What to produce: Emit the data below verbatim, stripping out any pictures.

Data provided:
───

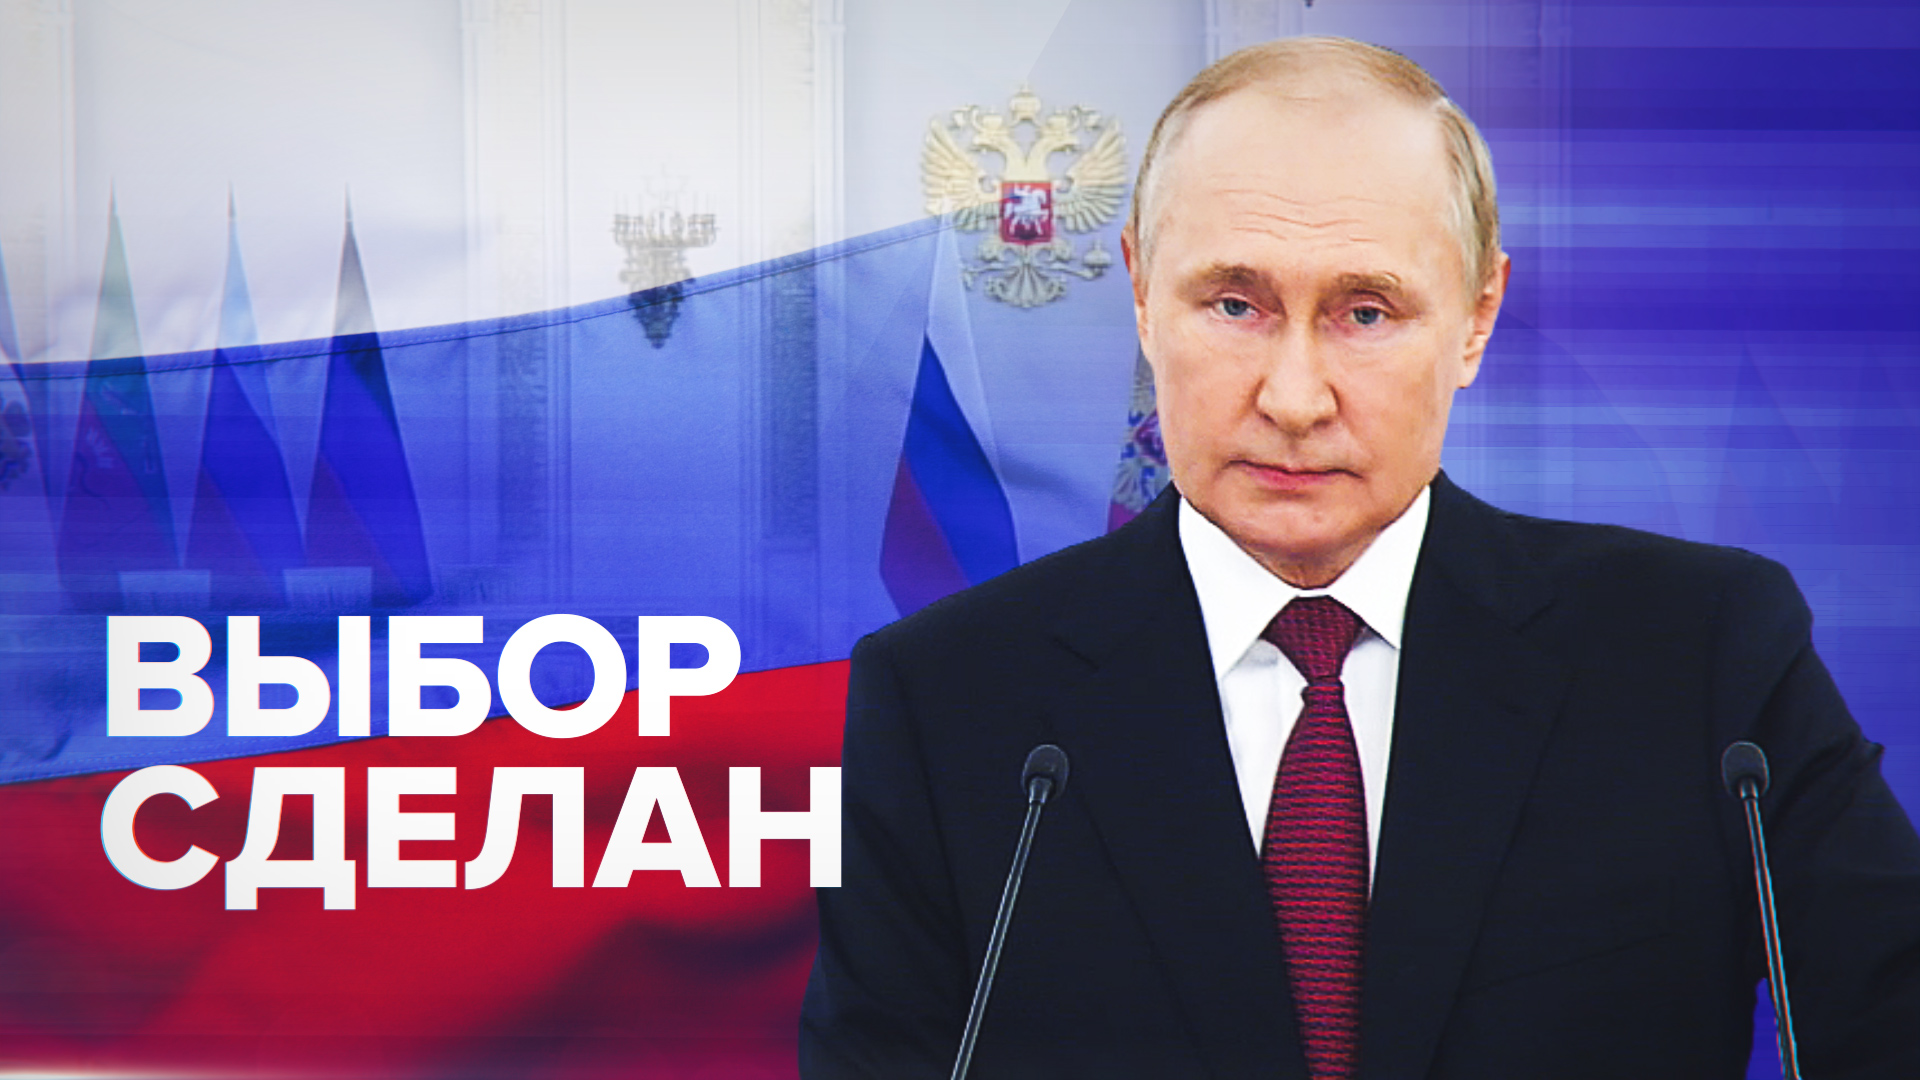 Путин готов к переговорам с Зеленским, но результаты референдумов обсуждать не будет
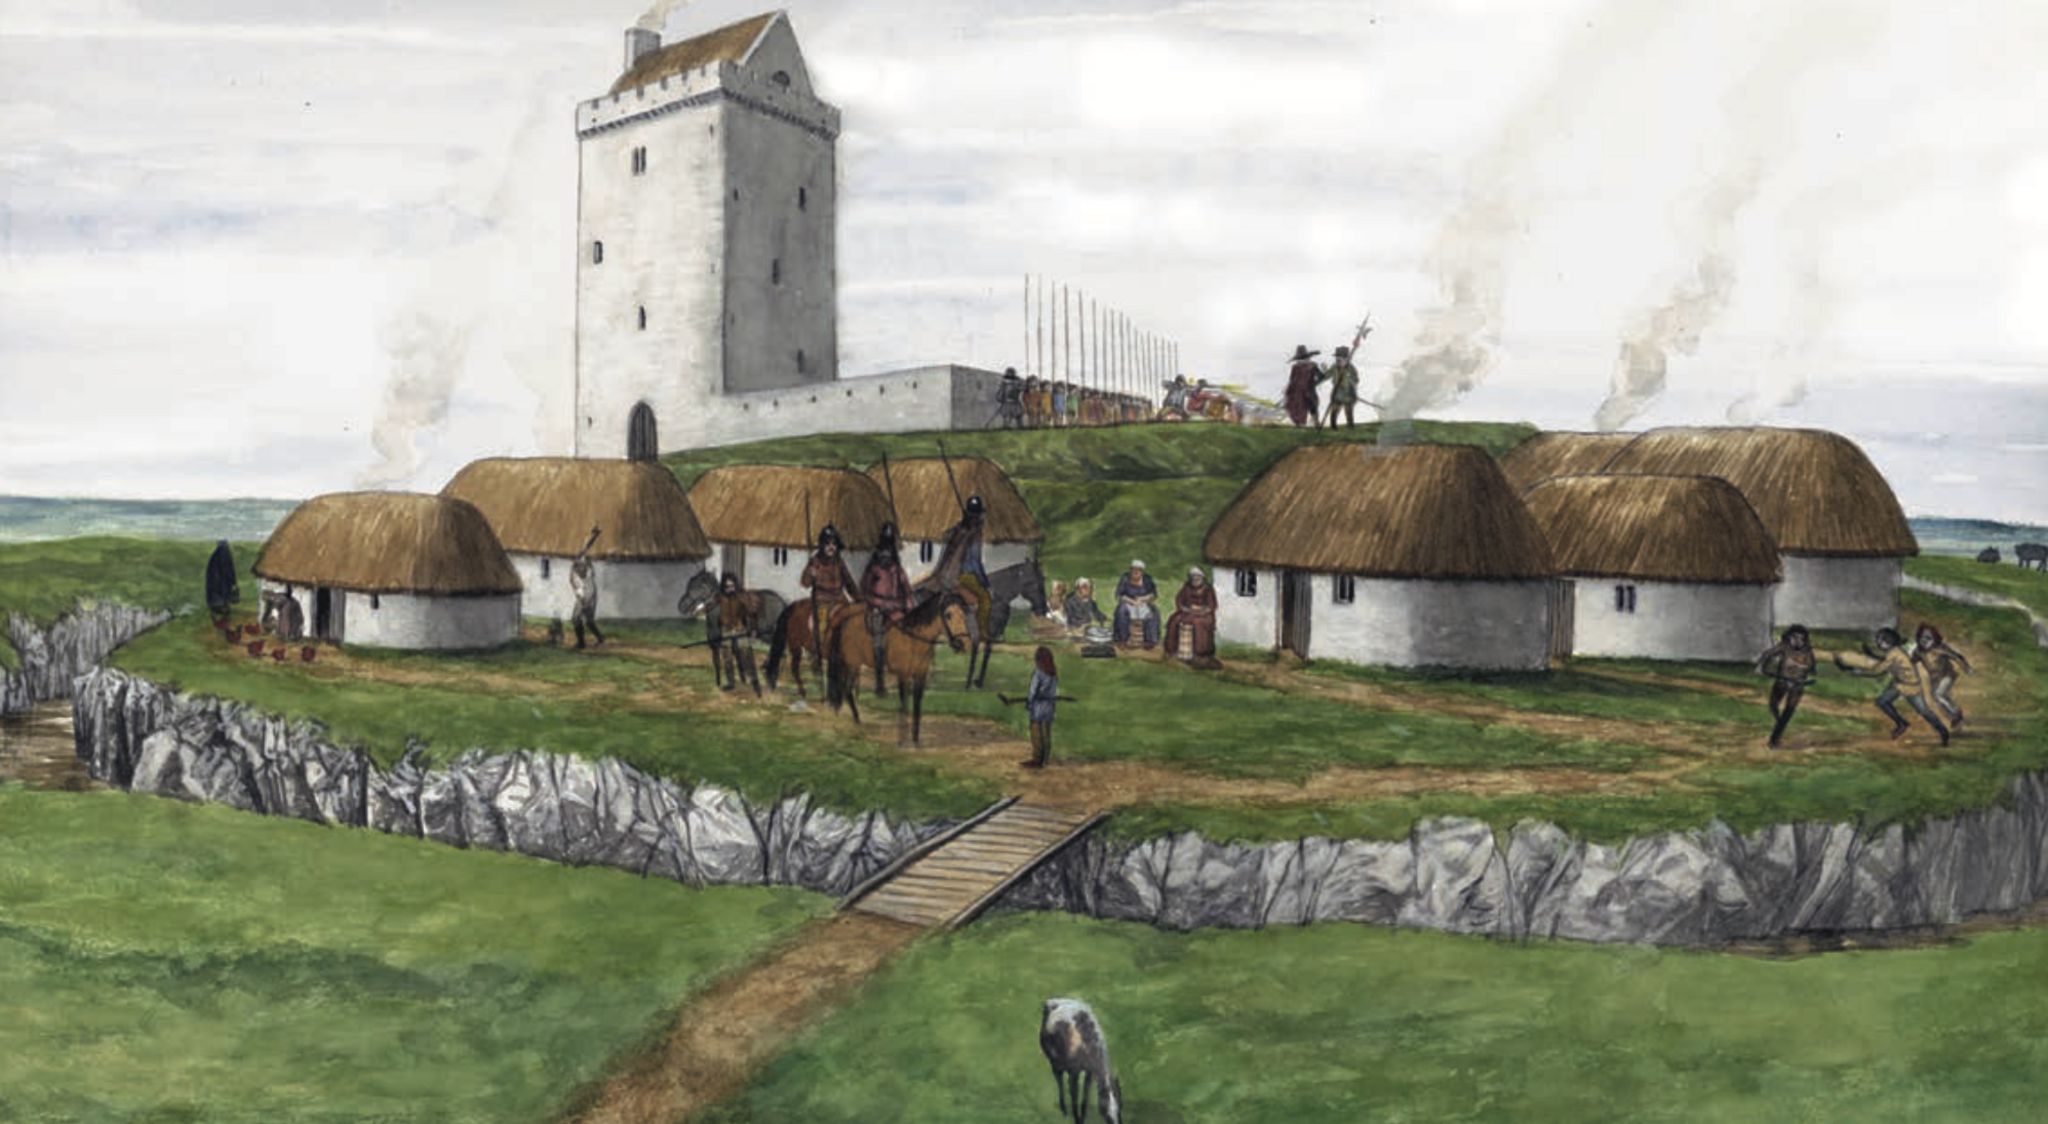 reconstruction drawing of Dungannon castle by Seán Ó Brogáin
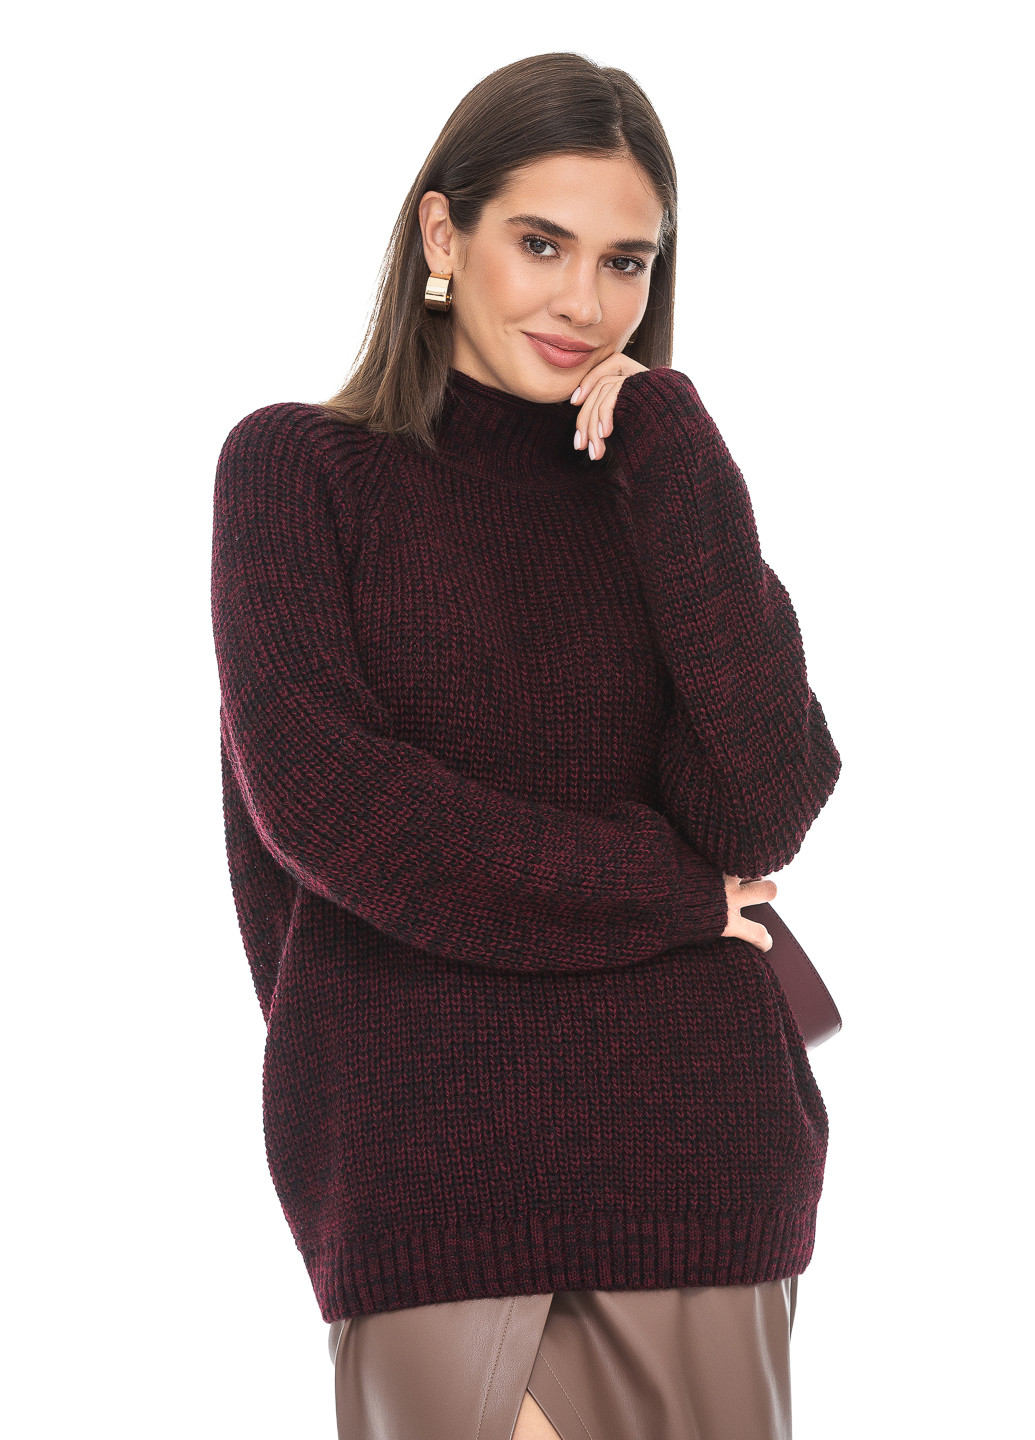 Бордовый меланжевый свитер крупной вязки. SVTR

───

Task result:
 Путин готов к переговорам с Зеленским, но результаты референдумов обсуждать не будет
 reconstruction drawing of Dungannon castle by Seán Ó Brogáin
 Бордовый меланжевый свитер крупной вязки. SVTR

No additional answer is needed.